Il Parco Colli Euganei, oltre a disporre già di personale, si è dotato in questi anni di trappole auto scattanti (chiusini) in cui gli animali vengono attirati con un’esca alimentare. Questi mezzi sono immediatamente convertibili per un piano di controllo della fertilità.

Abbiamo visto come sia anche possibile utilizzare dardi e fucili lanciasiringhe a distanza e, nel caso dei Colli Euganei, le specie prese a riferimento (specie target o specie obiettivo) sono i cinghiali e i daini. Non c’è alcun problema, in quanto il GonaCon ha sterilizzato la maggior parte delle femmine di tutte le specie sulle quali è stato impiegato (Fagerstone et al. 2010[13], Kirkpatrick et al. 2011[14]).

BOS (Boar-Operated-System) per la contraccezione temporanea della fauna selvatica (foto Corriere Nazionale)

BOS (Boar-Operated-System) per la contraccezione temporanea della fauna selvatica (foto Corriere Nazionale)

Ma c’è anche una grande novità: questa limitazione del vaccino che deve essere iniettato a mano oppure tramite dardi ad assorbimento intramuscolare, sta per essere superata: « Gli scienziati del Wildlife Services’ (WS) sono al lavoro per la produzione di un vaccino GnRH per via orale. »

Una grande rivoluzione nei piani di gestione della fauna selvatica è quindi alle porte.

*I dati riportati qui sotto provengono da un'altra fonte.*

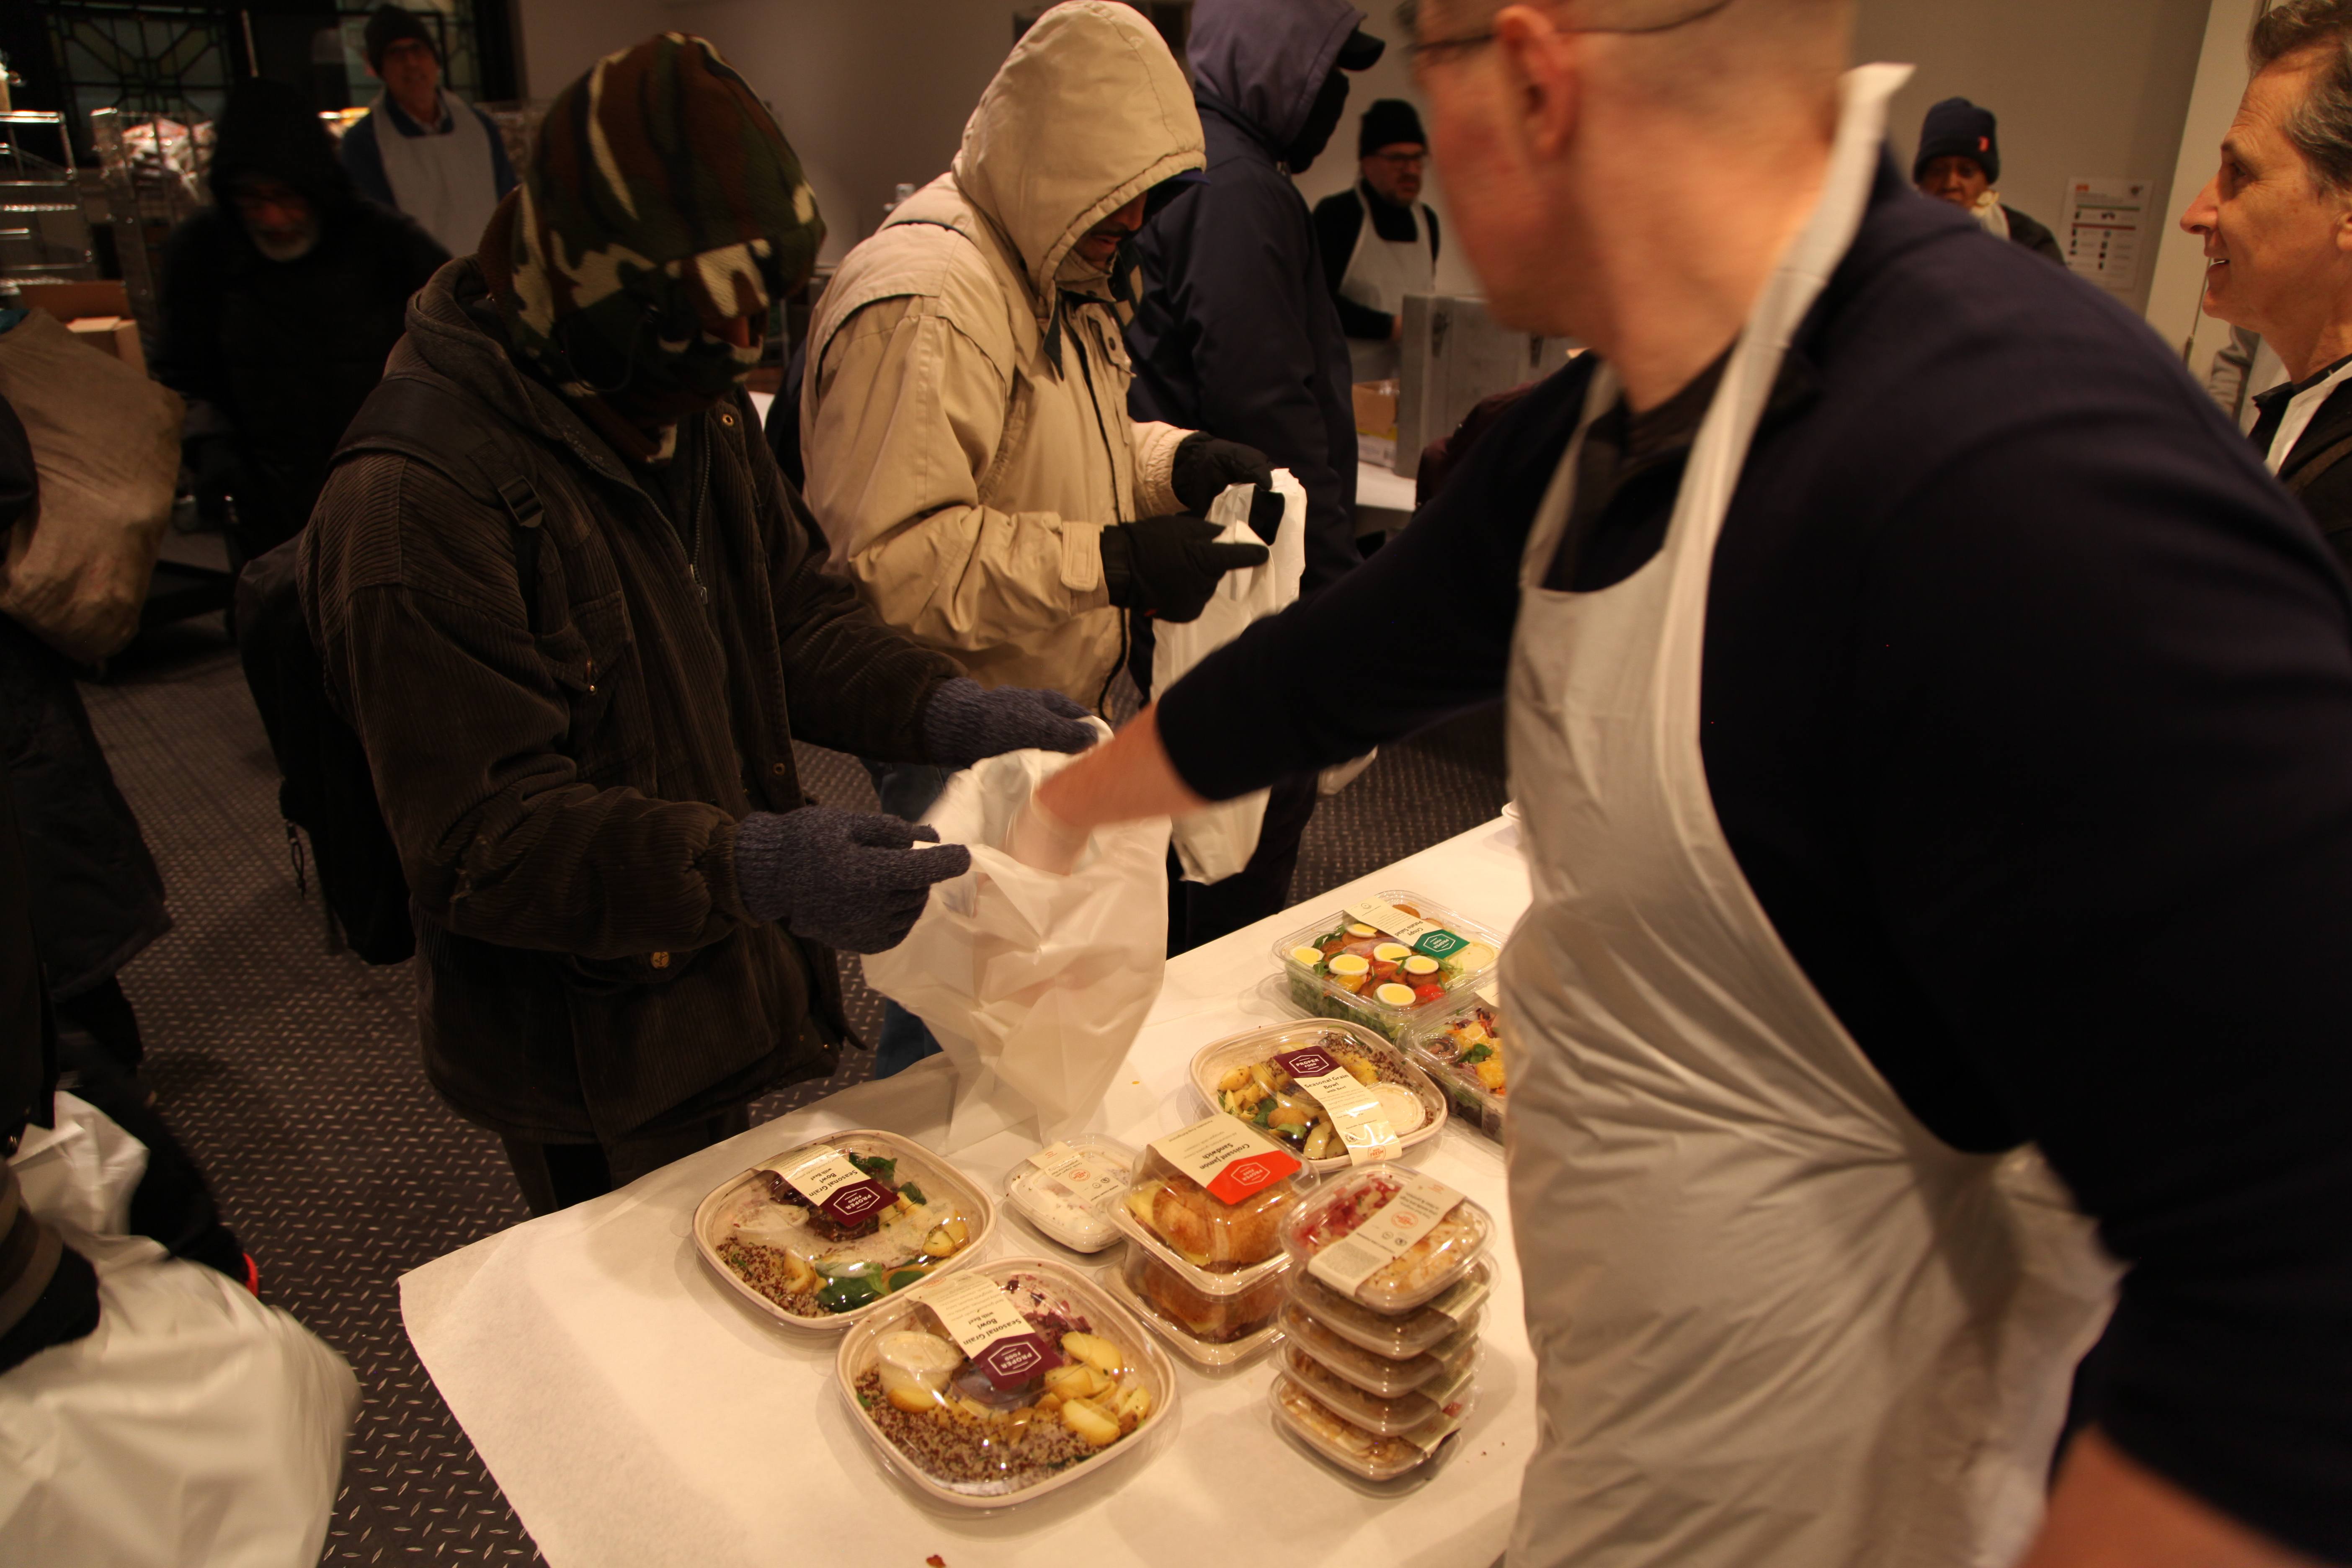 Indoors, someone placing food into a bag that someone is holding out. In the foreground is a series of different meal options.

Resta un problema però: l’aspecificità. Abbiamo infatti detto che il GonaCon ha sterilizzato la maggior parte delle femmine di tutte le specie sulle quali è stato impiegato. C’è quindi il rischio, e solo nel caso di una somministrazione orale di esca alimentare contenente vaccino, di controllare la fertilità di specie non-target. In un Parco Naturale, come quello dei Colli Euganei, questo fatto sarebbe ancora più inaccettabile. Ma…i ricercatori hanno pensato proprio a tutto! Hanno quindi inventato il “BOS”, acronimo per “Boar-Operated-System”: si tratta di un dispositivo formato da un cono che scorre su un palo di metallo piantato a terra. La base del cono poggia su un piatto metallico sul quale vengono poste le esche contenenti il vaccino. Il cono, che pesa circa 5 kg, racchiude e protegge le esche e deve essere sollevato da un animale che voglia consumare tali esche (Figura qui sotto e min. 8:21 di questo video https://youtu.be/BjtyiBk9cSs).

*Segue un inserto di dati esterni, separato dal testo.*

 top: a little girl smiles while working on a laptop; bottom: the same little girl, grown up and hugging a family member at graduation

Studi condotti sia in cattività che sul campo hanno dimostrato che il BOS, proprio grazie alla sua progettazione, consente ai soli cinghiali e non ad altre specie di cibarsi delle esche (Massei et al. 2010[15], Campbell et al. 2011[16], Ferretti et al. 2014[17]).  È quindi garantita la specie-specificità dal metodo di somministrazione: tassi, scoiattoli, topi, civette e altri uccelli, come si vede al min. 2:10 di questo video https://youtu.be/FQ4klj1pdUA, possono dormire sonni tranquilli, in quanto non riescono in nessun modo ad aprire il BOS contenente il vaccino. In secondo luogo sia il GonaCon che il PZP attualmente disponibili per iniezione, non presentano rischi per animali necrofagi o persone che consumino animali vaccinati, perché i vaccini ingeriti sono distrutti dai succhi gastrici[18].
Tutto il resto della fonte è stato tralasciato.